East Carolina Barbecued pork and greens, barbecue sauce recipe below
According to Mt Vernon, New York’s Reginald T. Ward, Barbecue in Bertie, County, North Carolina means “chopped barbecue.” Ward, who I interviewed for my book Hog and Hominy: Soul Food from Africa to America http://cup.columbia.edu/book/978-0-231-14638-8/hog-and-hominy/excerpt migrated to New York from Robbinsonville in Bertie County in the 1960s. In North Carolina Ward grew up barbecuing a whole pig chopped up with different spices “like vinegar and red pepper.” The word barbecue varies from region to region even across a state. Historically the folks in Bertie County, in eastern North Carolina, used a vinegar based sauce. Here is an Eastern North Carolina barbecue sauce recipe you can try this Memorial Day weekend.
Crawfish étouffée served with rice and cornbread, recipe below
Crawfish étouffée is another dish with lots of sauce and history. The dish shows the influence of Europeans, Native Americans, and Africans on new world cookery and it’s one of the first simple but tasty soul food dishes in Louisiana cuisine.

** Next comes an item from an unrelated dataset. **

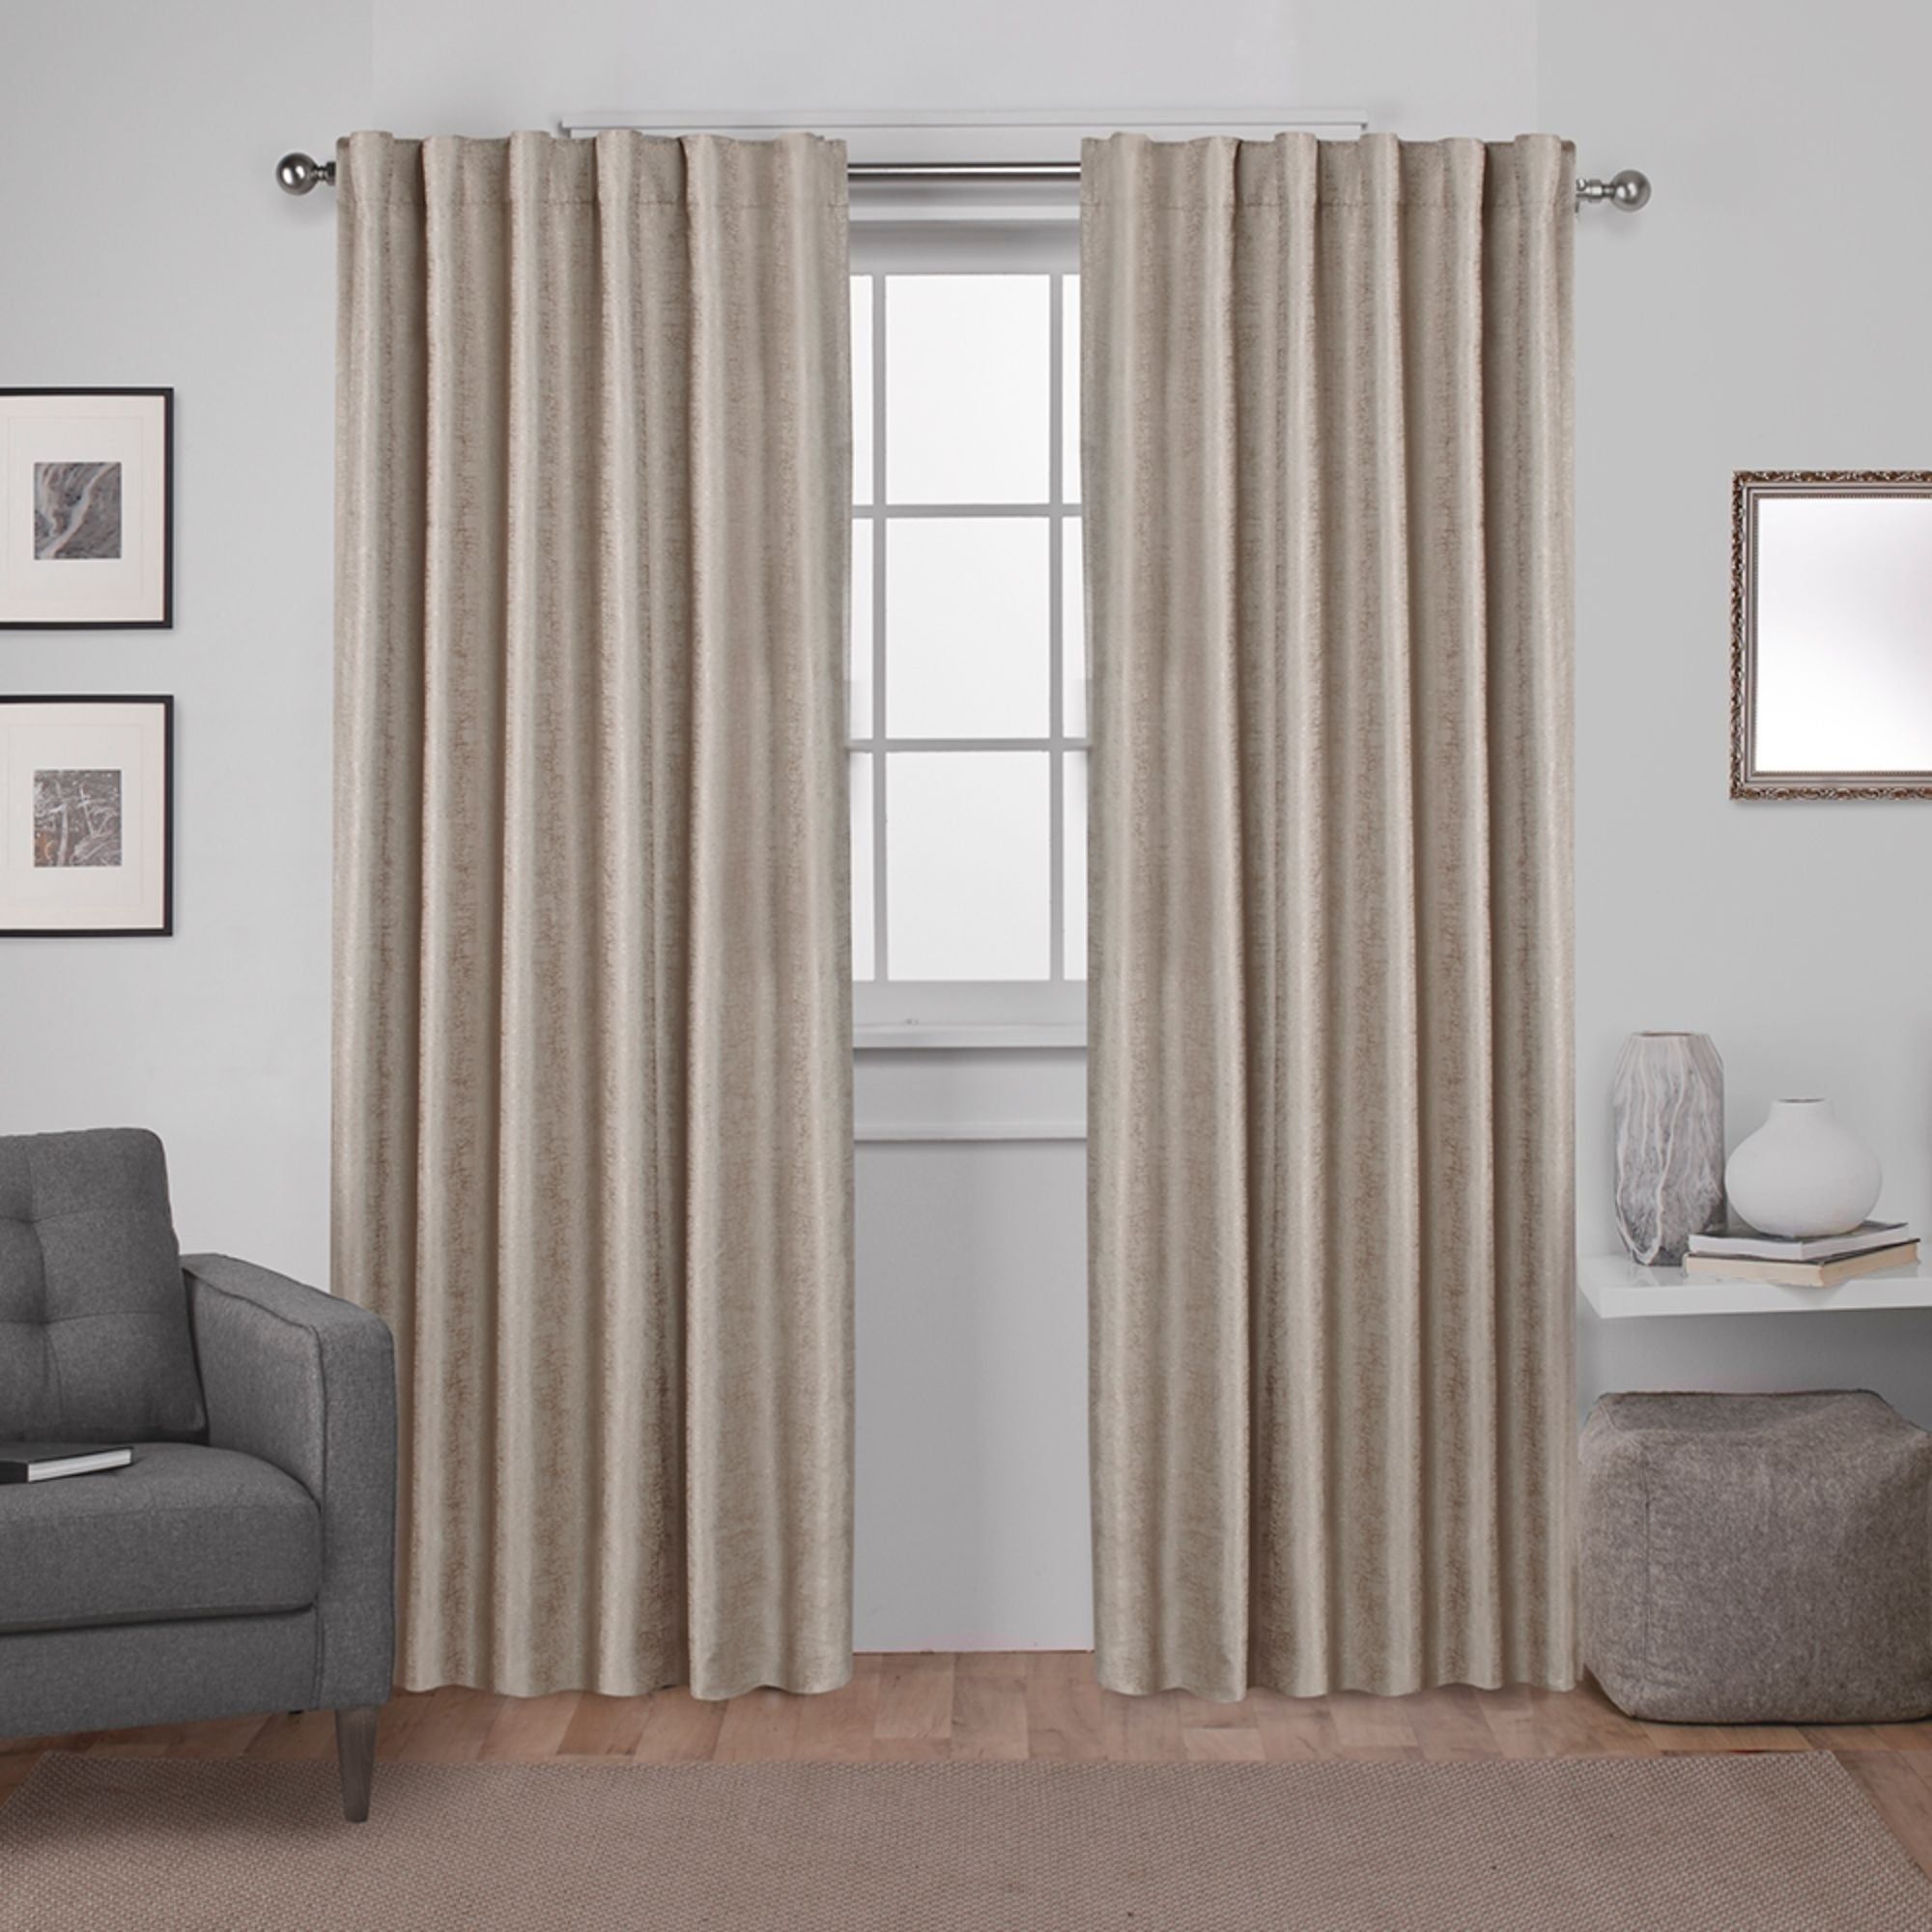 Ati Home Zeus Thermal Woven Blackout Back Tab Top Curtain Panel Pair Intended For Cyrus Thermal Blackout Back Tab Curtain Panels (View 5 of 20)
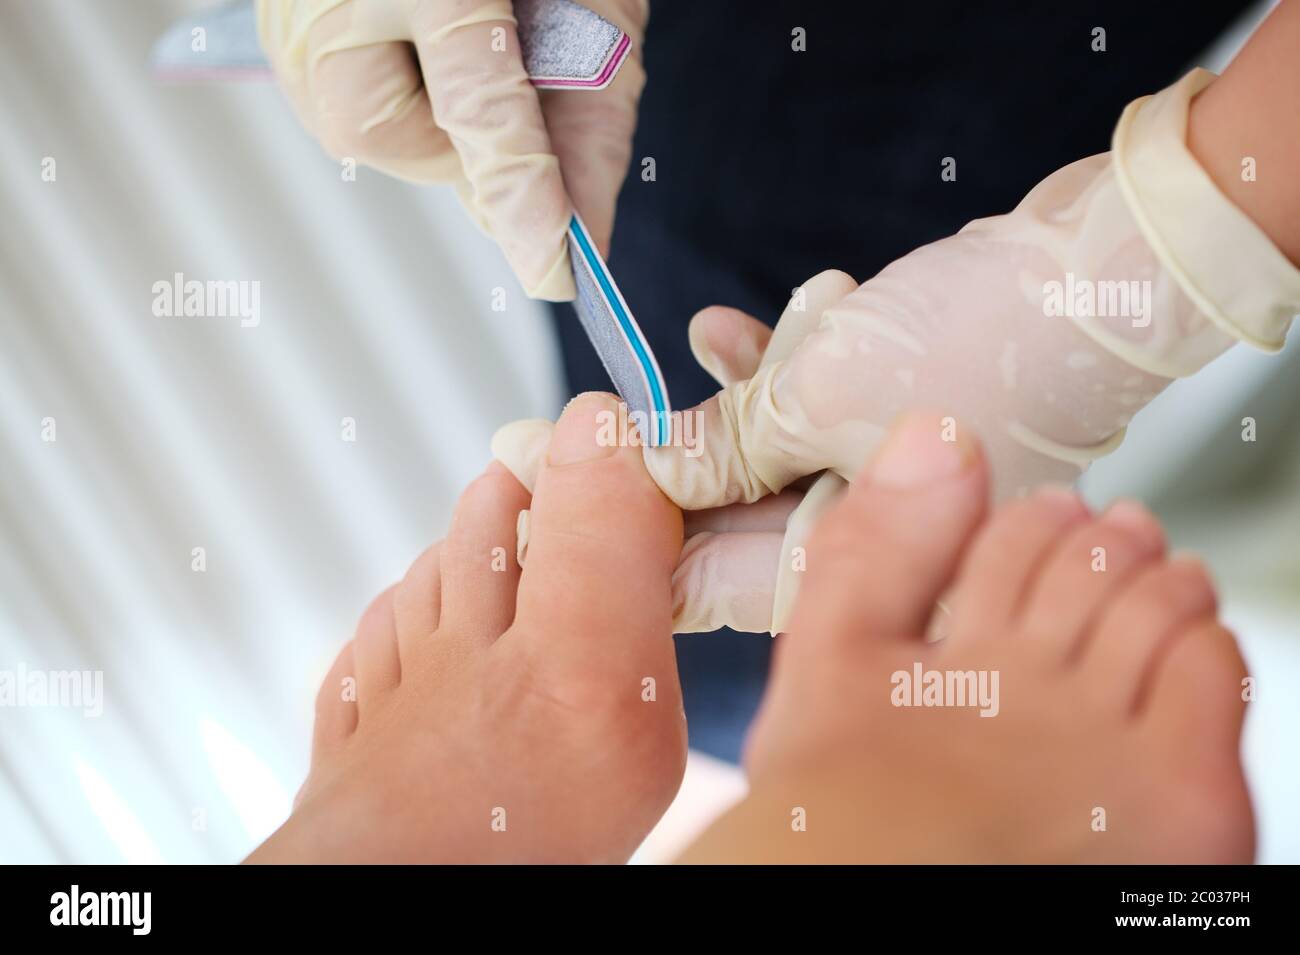 Woman feet during filing Stock Photo

The French settlers from Vendée, Poitou, and Brittany who eventually became known as Acadians and Cajuns brought with them the foodways of commoners in France who developed sauces intended to make simple dishes more appetizing and stretched their nutritional and filling values. In colonial Louisiana Africans shared the tradition of one-pot-meals with poor whites that lived among and around them. Africans also shared the ubiquitous habit of eating rice with most meals. Native American added the use of tomatoes in Crawfish étouffée; tomatoes are indigenous to the Americas. The word étouffée comes from the French word “to smother” and it means a luscious tomato based sauce. Here is link to wonderful crawfish étouffée like the delicious one I ate pictured above in New Orleans.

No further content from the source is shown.